Did Trump’s election evidence his mesmerizing attraction or was he a convenient (and opportunist) avatar for virulent reactionary impatience with the democratic consequences of the country’s increased diversity and education?  In cases of tyrannical rule, the end of authoritarianism can usually be brought about by peaceful and persistent domestic resistance.  That makes Biden and his hoped-for successors combatants in a struggle to retain the democratic heritage of America. 

This is something that must be made clear to a majority of voters as long as we are able to retain an equitable electoral system.  It is therefore important to strengthen voters’ rights; but it is also necessary to publicize what is at stake.  The publicity campaign must be done in a way that appeals to the obsequious and committed group of willing demagogue-acolytes, the large politically apathetic bunch that was Trump’s base. 

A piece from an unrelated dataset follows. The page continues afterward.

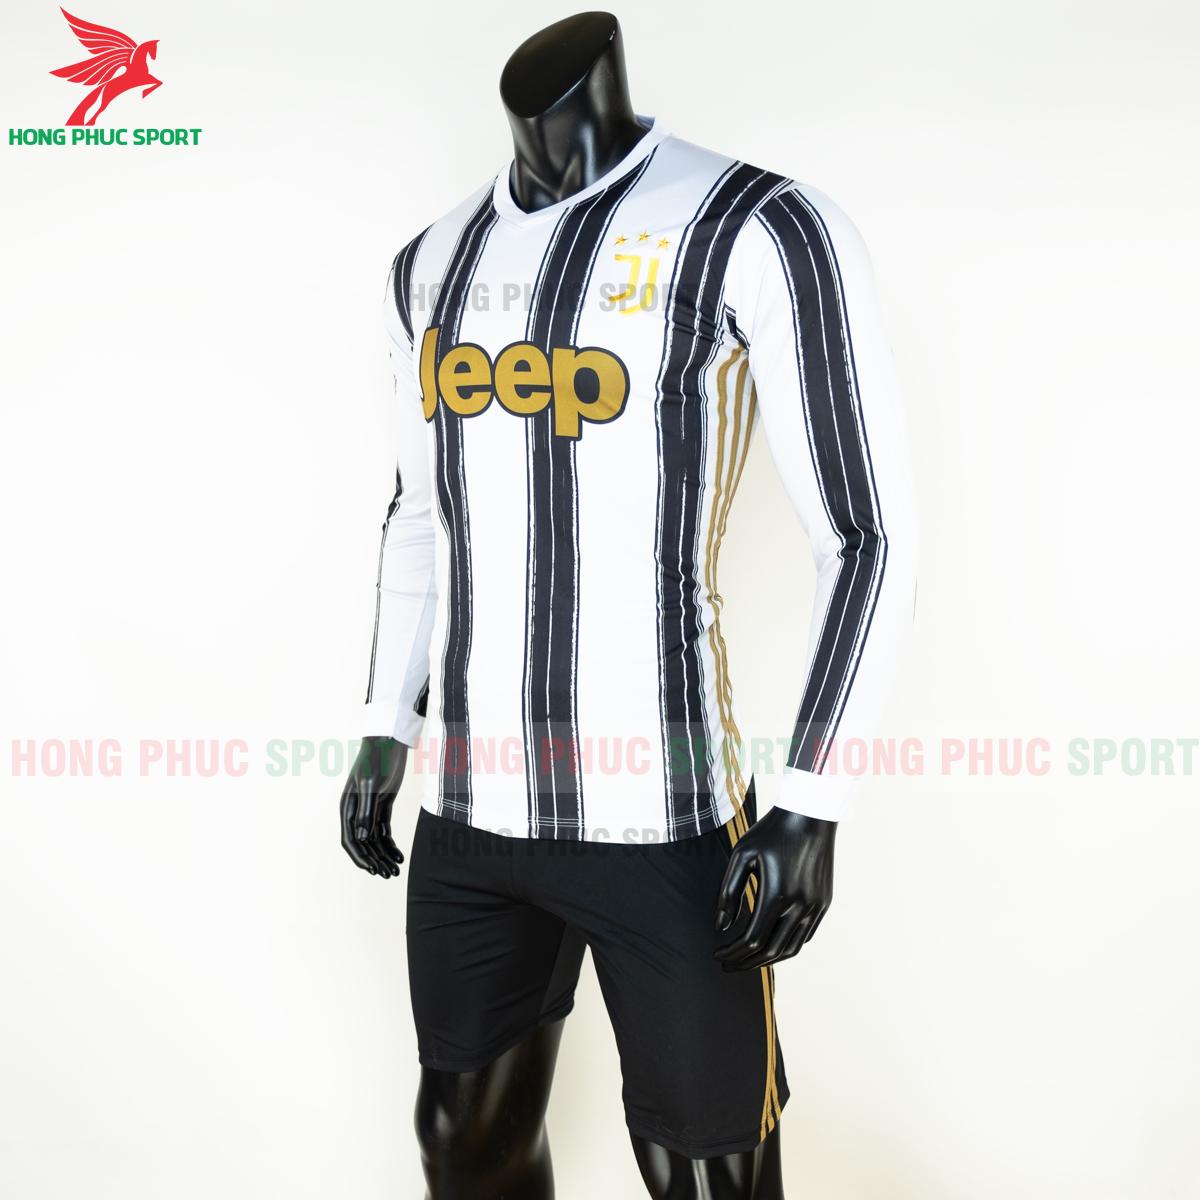 https://cdn.hongphucsport.com/unsafe/s4.shopbay.vn/files/285/ao-dai-tay-juventus-2020-san-nha-4-5f8fbdde1158b.png

It has been estimated by a professor at the University of Chicago that there are twenty million disaffected voters in the U.S, who support the Jan 6, 2021, attack on the Capitol.  Those are people who want things “both ways.”  They have gained materially in the American free democratic system, but jealously refuse to share that success with the multitudes of others who have managed to immigrate here or who have risen above centuries of racial discrimination to compete for equal rewards in a capitalist economy.  The ese incumbents ignore the inevitability that the benefits of a free society will not last if its advantages are not shared with all who agree to join on those terms.  These fruits of freedom carry an unavoidable obligation to offer them freely to anyone who accepts the two sides of the equation.  If this trade-off was nothing but a birth-right, the hard work that is the basis of the American character would be a fool’s errand.  A self-fulfilling result of holding that attitude would, of course, be fewer newcomers to the country as well as lasting existence of a racial underclass; but that result would also diminish the future well-being of everyone.

The Trump Presidency constituted a warning of how near is the possible collapse of even a centuries-old democratic system of government.  That system is fragile because it still is not a corollary of human nature.    All man’s instincts drive hm to provide for himself before others.  A would-be tyrant plays to that side of individuals’ character; if he succeeds, it could spell the end of their freedom and welfare.  Constant vigilance is needed to protect that heritage.